Ali as tidak pernah mengklaim bahwa dirinya boleh berfatwa berdasarkan kehendak pribadinya, atau bahwa dia tidak perlu belajar dari siapa pun, bahkan dari Rasulullah saw sendiri.
Salawat dan salam atas hamba-hamba Allah yang dipilih, yaitu Muhammad dan keluarganya.(4)
Catatan Kaki:
- Shahih Bukhari (cetakan tahun 1309 H), jil.1, hal.38 dan (cetakan Dar al-Fikr), jil.1, hal.42.
- Tahdzib al-Aḥkam, jil.1, hal.17; al-Istibṣar, jil.1, hal.91; Wasail al-Syi’ah (Cetakan Muassasah Al al-Bayt), jil.1, hal.278; (Cetakan Dar al-Islamiyah), jil.1, hal.197.

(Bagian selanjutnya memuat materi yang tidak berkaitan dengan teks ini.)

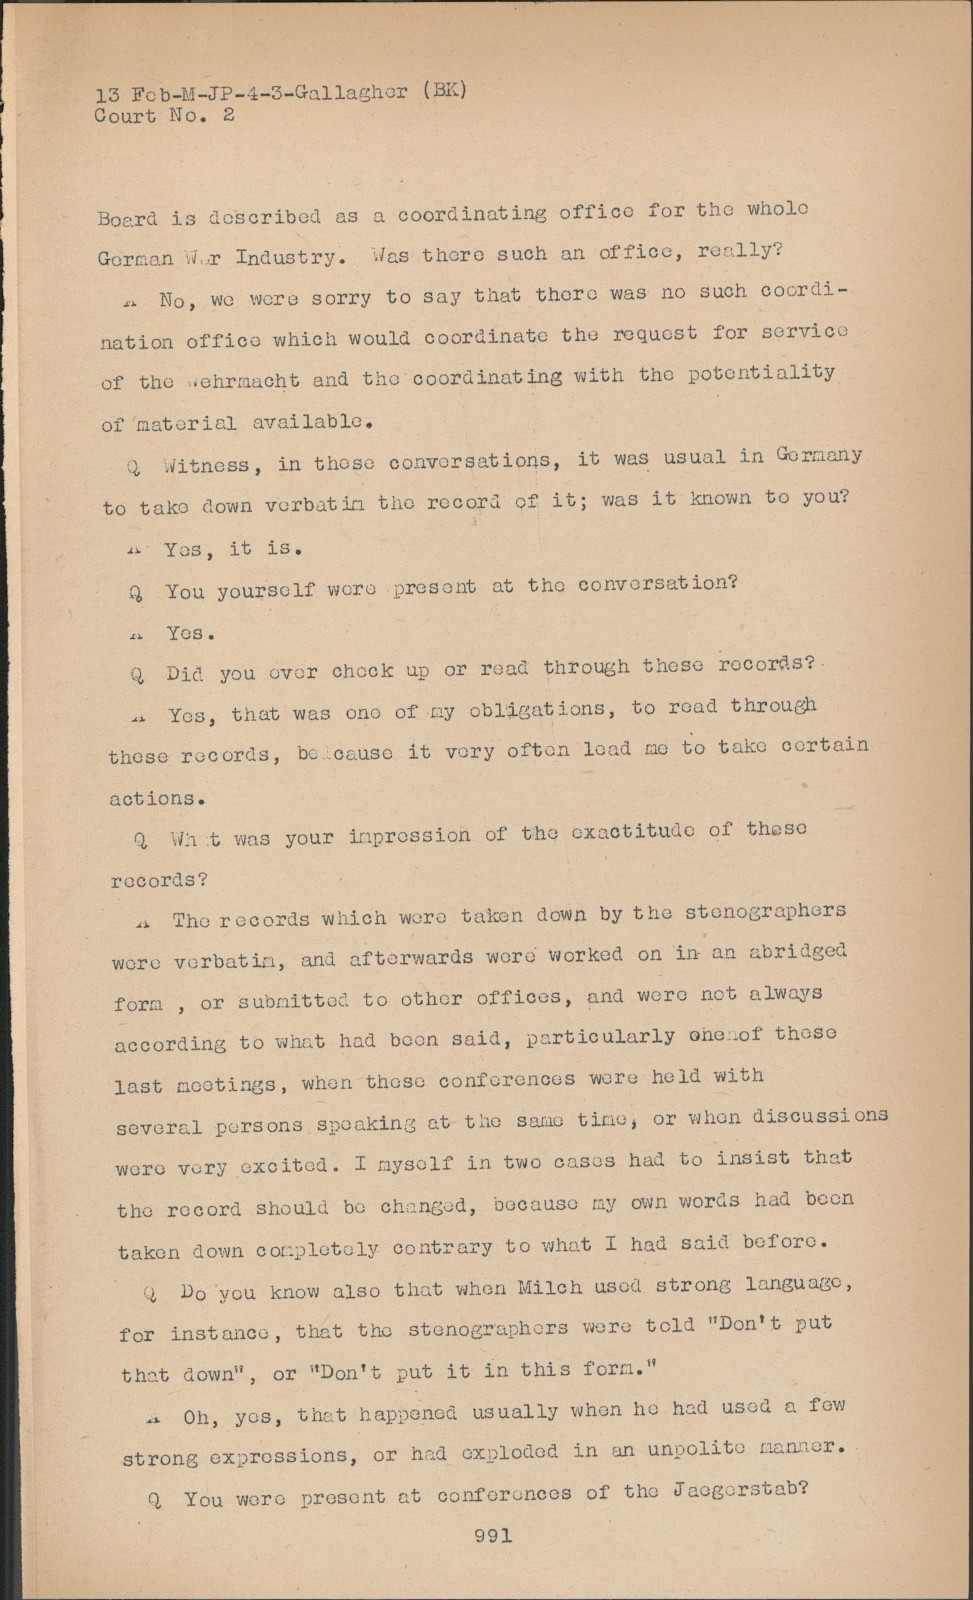 Nuremberg - Transcript Viewer - Transcript for NMT 2: Milch Case
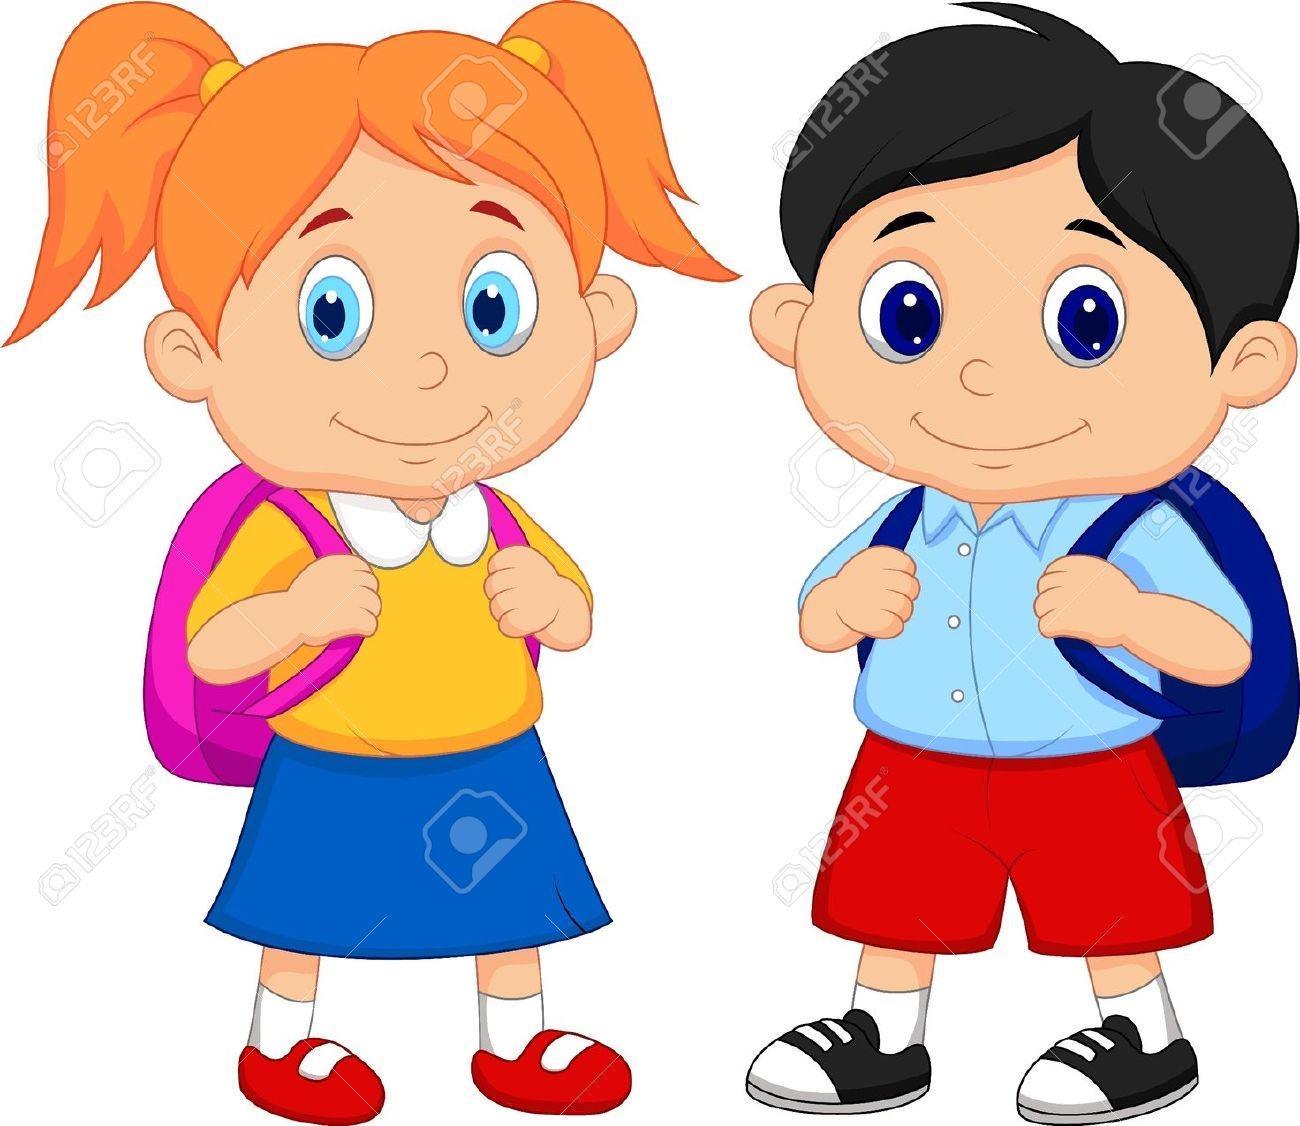 School Student With School Bag Clipart.

- Tahdzib al-Aḥkam, jil.1, hal.18; al-Istibṣhar, jil.1, hal.92; Wasail al-Syi’ah (Cetakan Muassasah Al al-Bayt), jil.1, hal.279 dan 281; (Cetakan Dar al-Islamiyah), jil.1, hal.197 dan 199; lihat juga Musnad Aḥmad, jil.1, hal.82, 108, 110, 111; Musnad al-Imam al-Riḍha, jil.2, hal.140; Shahih Bukhari, jil.1, hal.42 dan 52; Sunan Nasa’i, jil.1, hal.96 dan 214; al-Sunan al-Kubra karya Baihaqi, jil.1, hal.115; Kanz al-’Ummal (Cetakan Muassasah al-Risalah), jil.2, hal.362; dan jil.9, hal.335; al-Durr al-Mantsur, jil.1, hal.285; Tarikh Madinah Dimasyq, jil.54, hal.319 dan jilid 60, hal.299; Subul al-Huda wa al-Rasyad, jil.9, hal.230.
- Sumber: Mizan al-Ḥaqq (Syubhat dan Jawaban) Sayid Ja’far Murtadha Amili, Pusat Studi Islam, cetakan pertama, 1431 H/2010 M, jil.4, pertanyaan nomor 185.